Prof. Christian Novetzke received a BA from Macalester College, an MTS from Harvard University, and a PhD from Columbia University. Prof. Novetzke is Professor of South Asia Studies, Religious Studies, and Global Studies at the Jackson School of International Studies at the University of Washington. He is also Professor of the Comparative History of Ideas at UW. Prof. Novetzke’s books include The Quotidian Revolution (Columbia University Press 2016) and Religion and Public Memory (Columbia University Press 2008). He is also the co-author (with Andy Rotman and William Elison) of Amar Akbar Anthony: Bollywood, Brotherhood, and the Nation (Harvard University Press 2016) and co-editor (with Jack Hawley and Swapna Sharma) Of Bhakti and Power (University of Washington Press 2019). Among his awards, Prof. Novetzke was a Guggenheim Fellow in 2018 and a Fulbright-Nehru Fellow in 2013. His current projects include a book on yoga as political theory and practice with co-author Sunila S. Kale (under contract at Columbia University Press) and a book on the thought of Savitribai Phule, for which he was awarded the current Fulbright-Nehru Fellowship.

Savitribai Phule was born into an impoverished subaltern caste of Shudra agricultural workers in India in 1831. She became one of the first Shudra women in India to receive an education. She authored two books of political poetry in Marathi, each articulating her powerful vision for social justice and her fight against caste patriarchy. Her ideas about religion, caste, gender, and power made her one of the most important critical thinkers in Indian history. However, Savitribai Phule is hardly known outside of India. With Fulbright-Nehru’s support Prof. Novetzke hopes to complete his research on a book on the critical thought of Savitribai Phule.

Nancy Neiman

Prof. Nancy Neiman has been a Professor of Politics at Scripps College since 1994. She has won numerous teach, scholarship and community service awards. She has taught a wide range of political economy courses including, Markets and Politics in Latin America, the Power Elite: Surveying the Influence of Business over Public Policy, and Infrastructures of Justice. Prof. Neiman teaches a Political Economy of Food course through which she has organized a number of community engagement projects that bridge theory and practice among which are a social enterprise organized with women who were formerly incarcerated, a program called Plant Justice with students at an alternative high school, and a Meatless Monday program that brings students and women who were formerly incarcerated together to share prepare and share meals and food justice programming. She also teaches Napier intergenerational learning courses and Inside-Out courses inside a local prison. Her most recent book, Markets, Community and Just infrastructures, includes a variety of case studies, including an interfaith coffee cooperative in Uganda, Cuban financial reform, globalization in Juárez Mexico, and the US meatpacking industry, to provide a framework for understanding the conditions under which markets promote or undermine social justice.

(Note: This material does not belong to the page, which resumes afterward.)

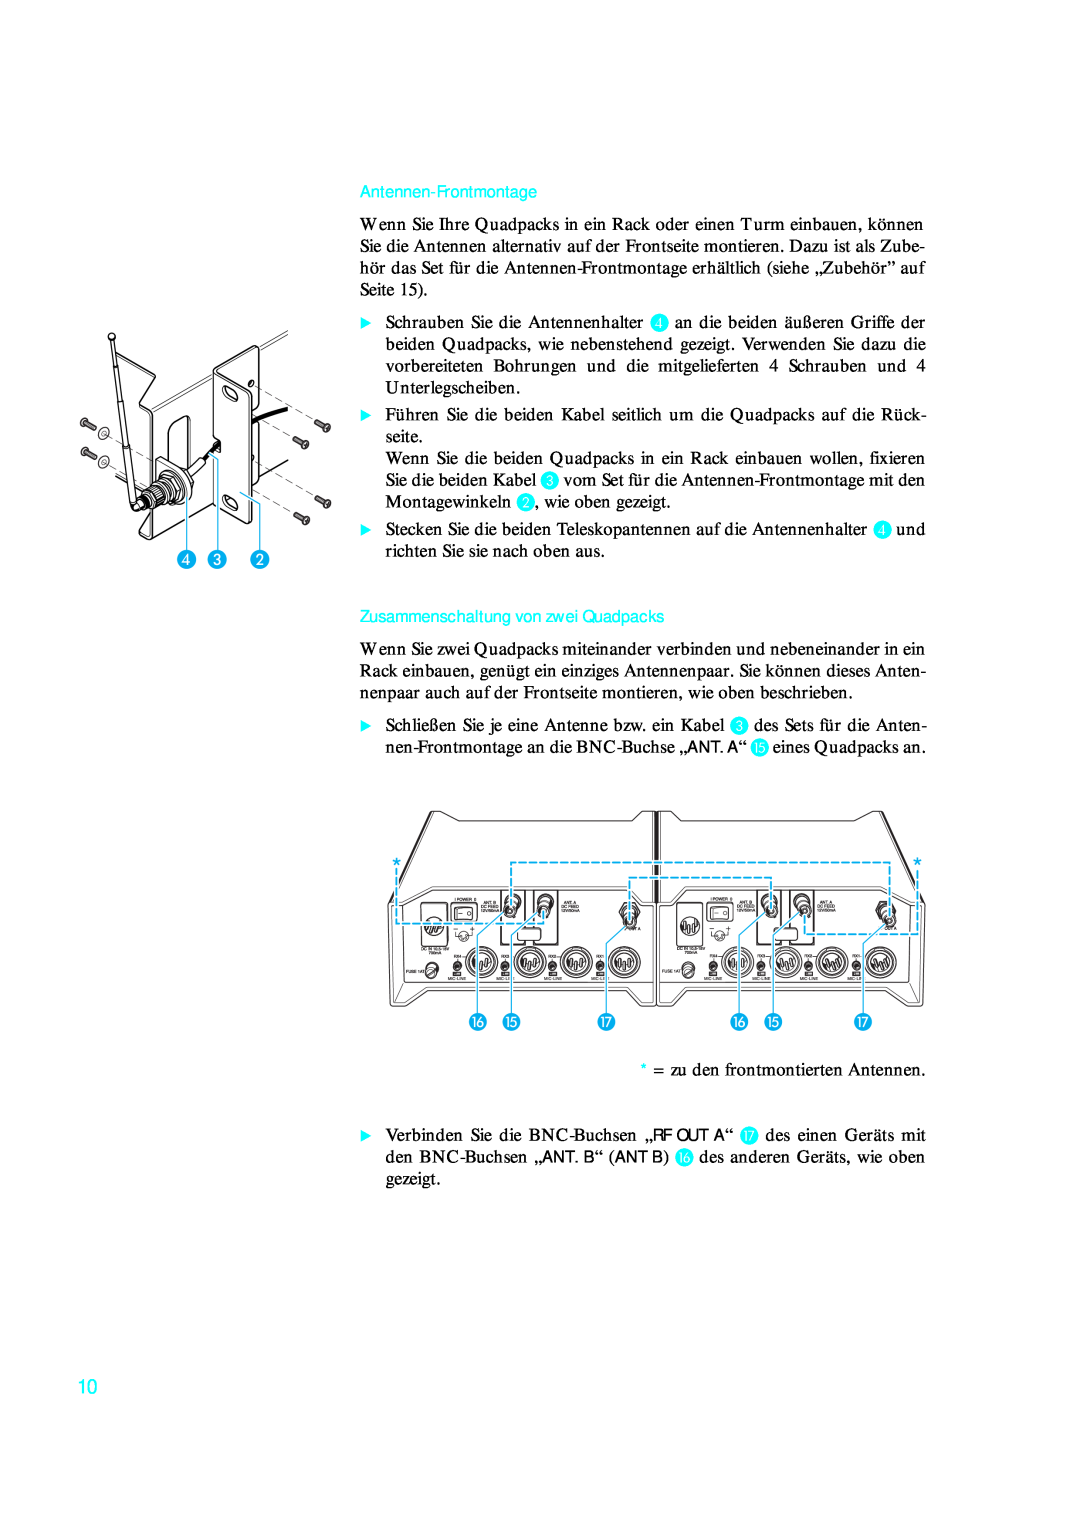 Sennheiser qp 3041 instruction manual D C B, Antennen-Frontmontage, Zusammenschaltung von zwei Quadpacks, P O Q P O Q 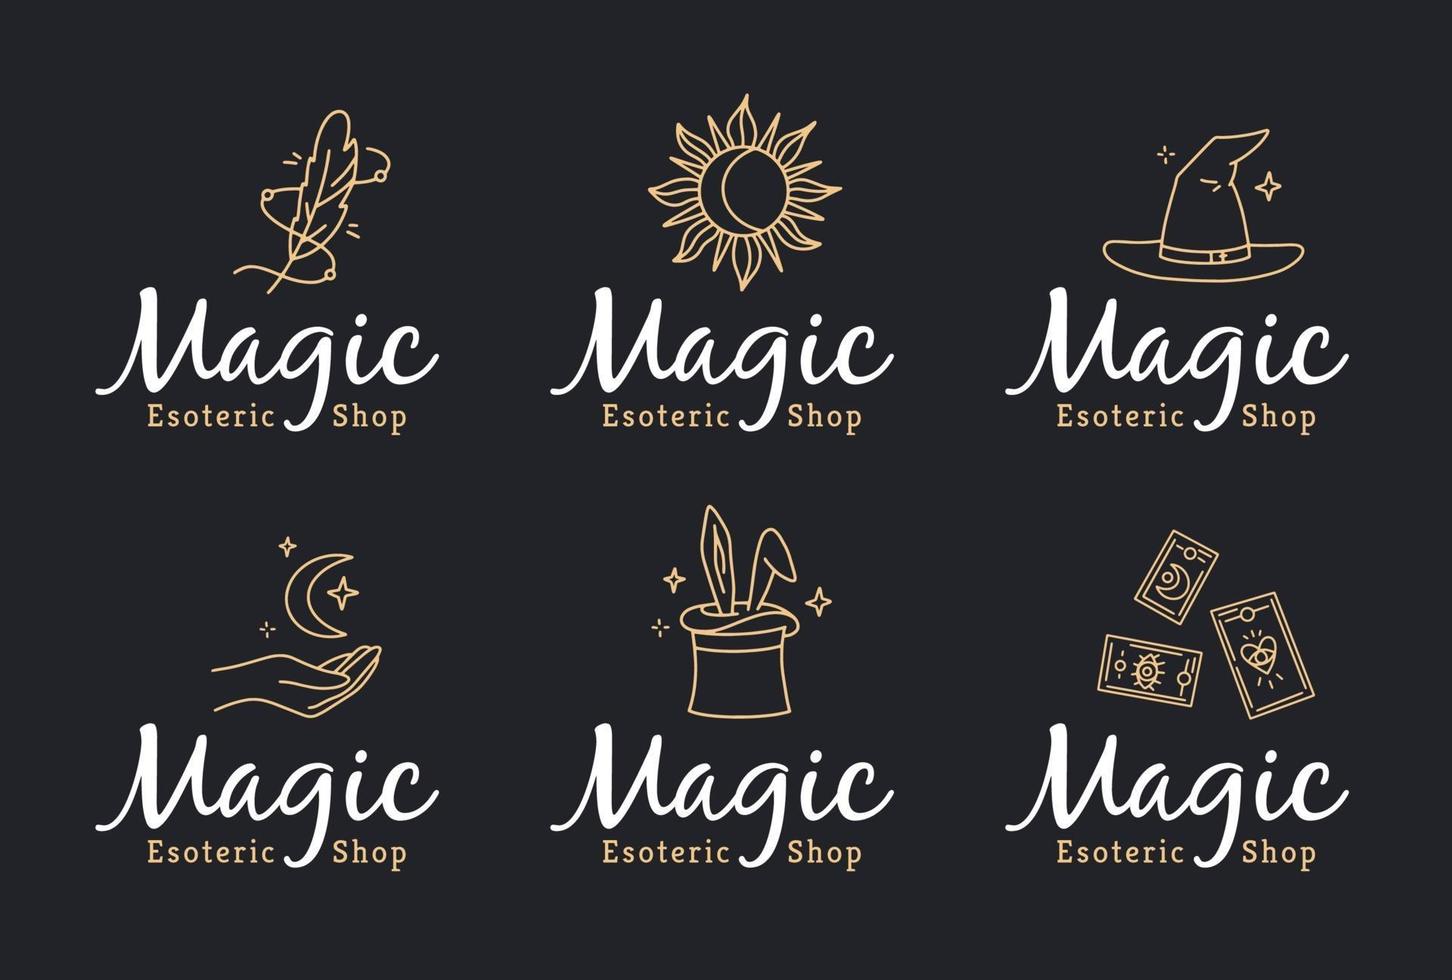 magiska doodle -logotyper för en esoterisk butik vektor

Focusing on pastoralist women in Gujarat India, the Fulbright-Nehru project of Prof. Neiman intends to track several key coping strategies and practices during Covid-19 among Gujarati pastoralist communities during the pandemic: the struggle over access to grazing lands and the ability to maintain traditional livelihoods, access to healthcare, navigating women’s traditional roles and their role as leaders, and promoting agrarian citizenship. Using qualitative data analysis gathered from interviews and quantitative ARCGIS survey data tracking pastoralist migratory patterns and community welfare, this project hypothesizes that pastoralist identities in Gujarat support, and are supported by, a broader transformational food sovereignty movement.